> DATASET EXCERPTS:
##############################

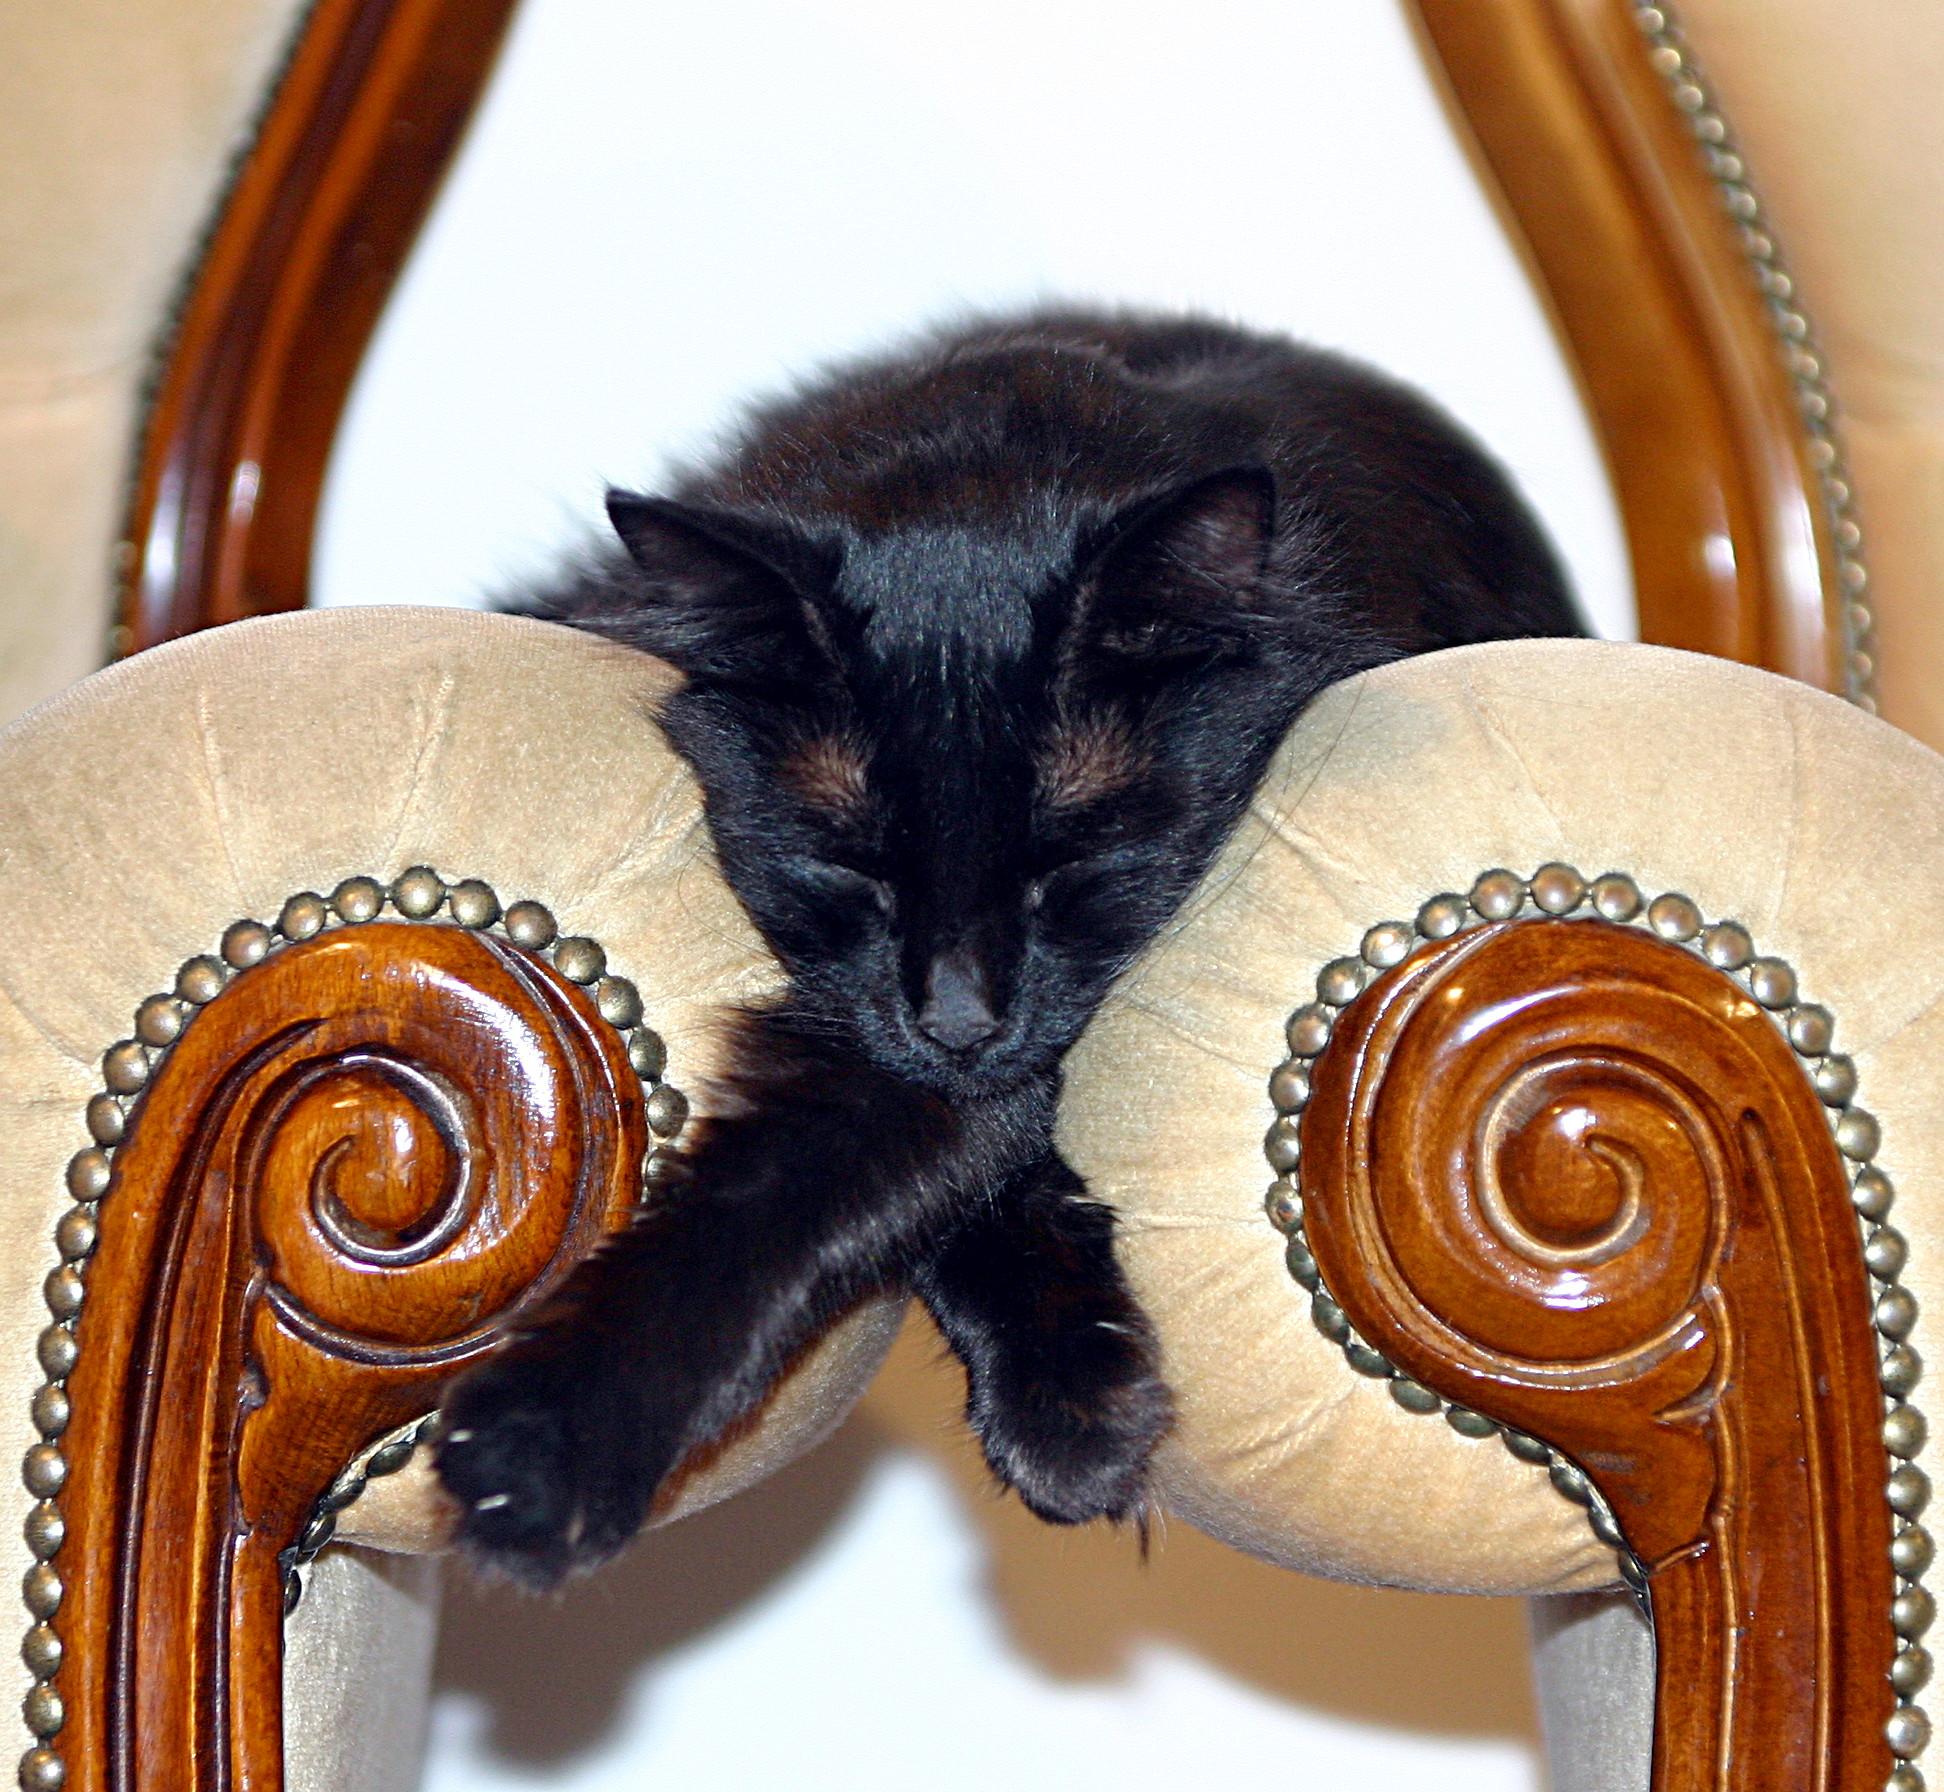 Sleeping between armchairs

##############################

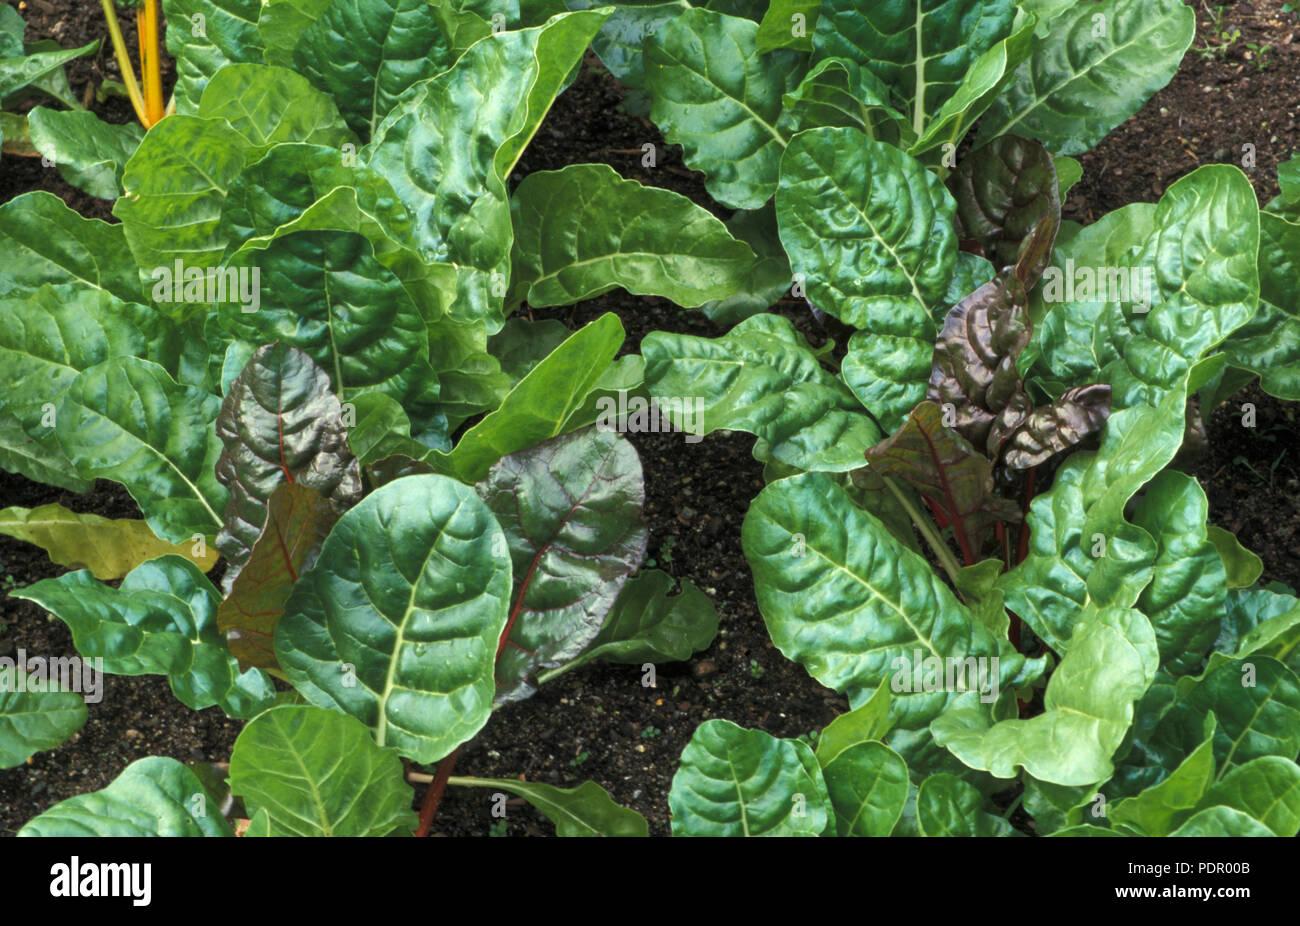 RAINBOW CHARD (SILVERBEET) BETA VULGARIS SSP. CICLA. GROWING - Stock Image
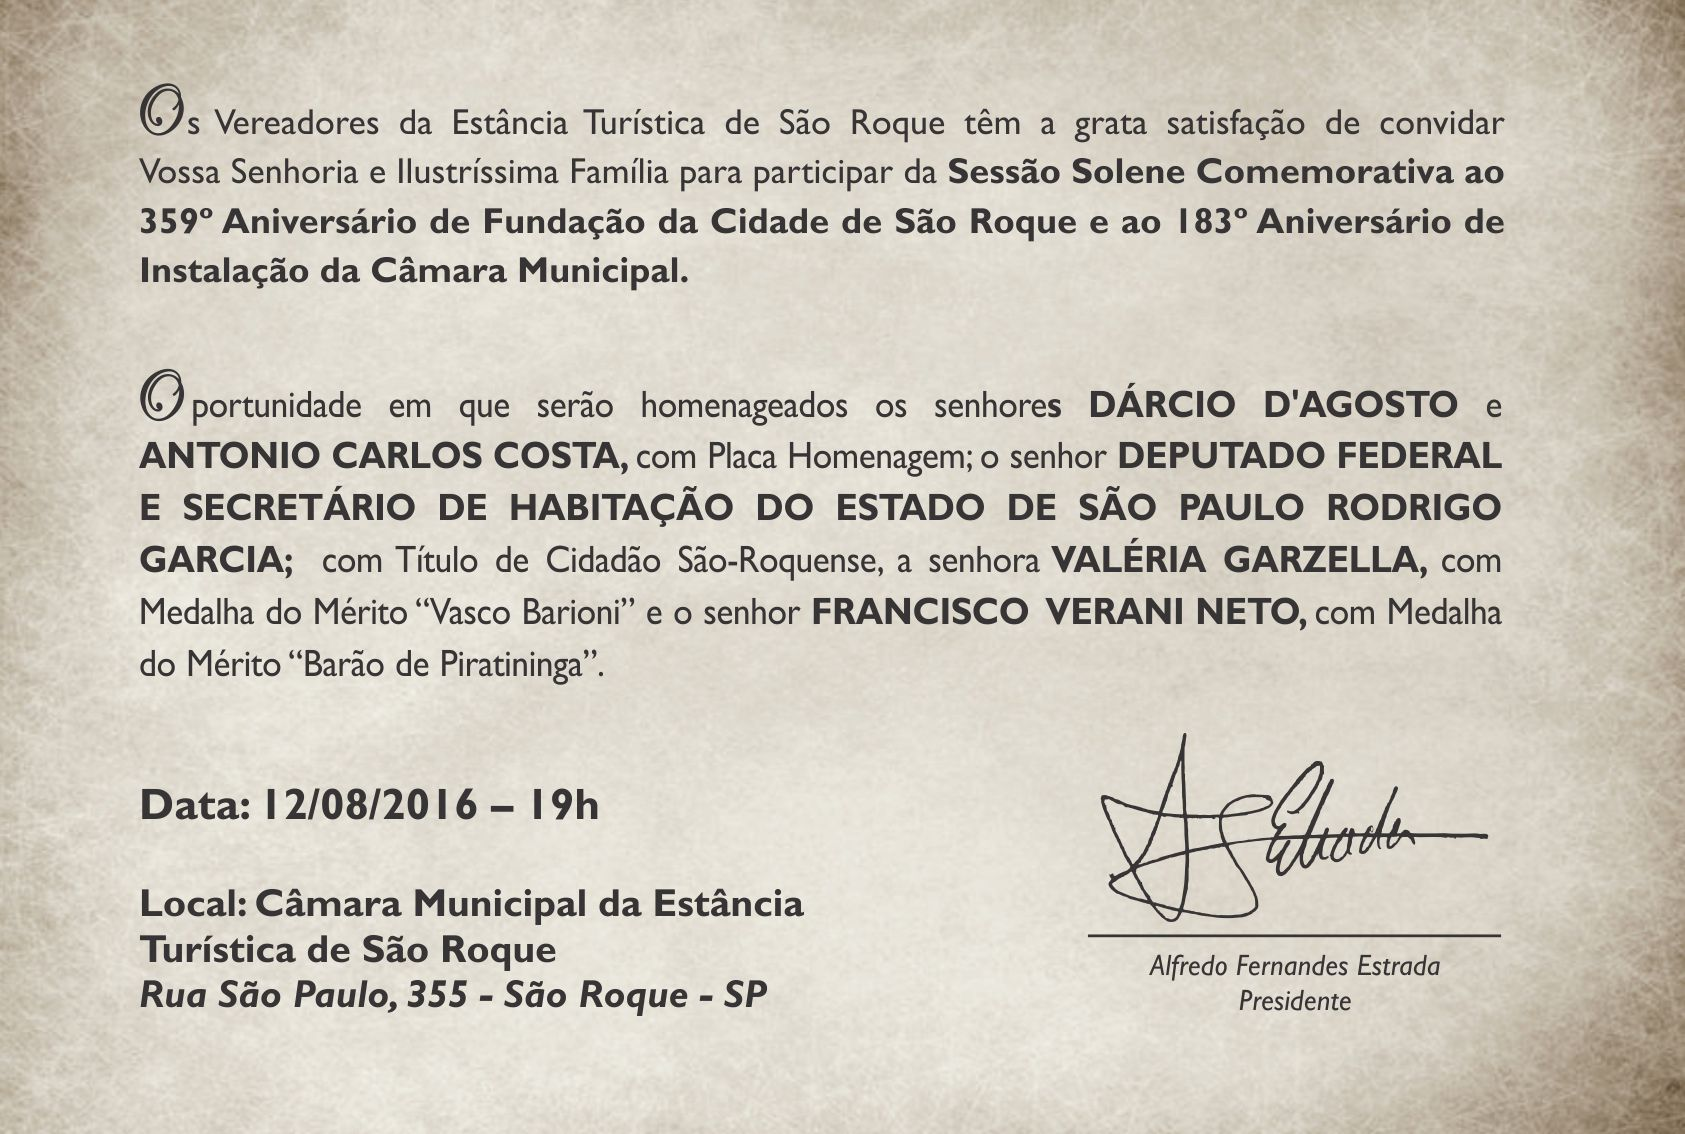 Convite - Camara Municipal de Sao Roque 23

##############################

> YOUR GOAL:
Return only the part above that opens with the line containing "RAINBOW CHARD (SILVERBEET)" and closes with the line containing "Convite - Camara Municipal de Sao Roque 23", exactly and with both ends, skipping the pictures.

> ANSWER TO THIS TASK:
 RAINBOW CHARD (SILVERBEET) BETA VULGARIS SSP. CICLA. GROWING - Stock Image
 Convite - Camara Municipal de Sao Roque 23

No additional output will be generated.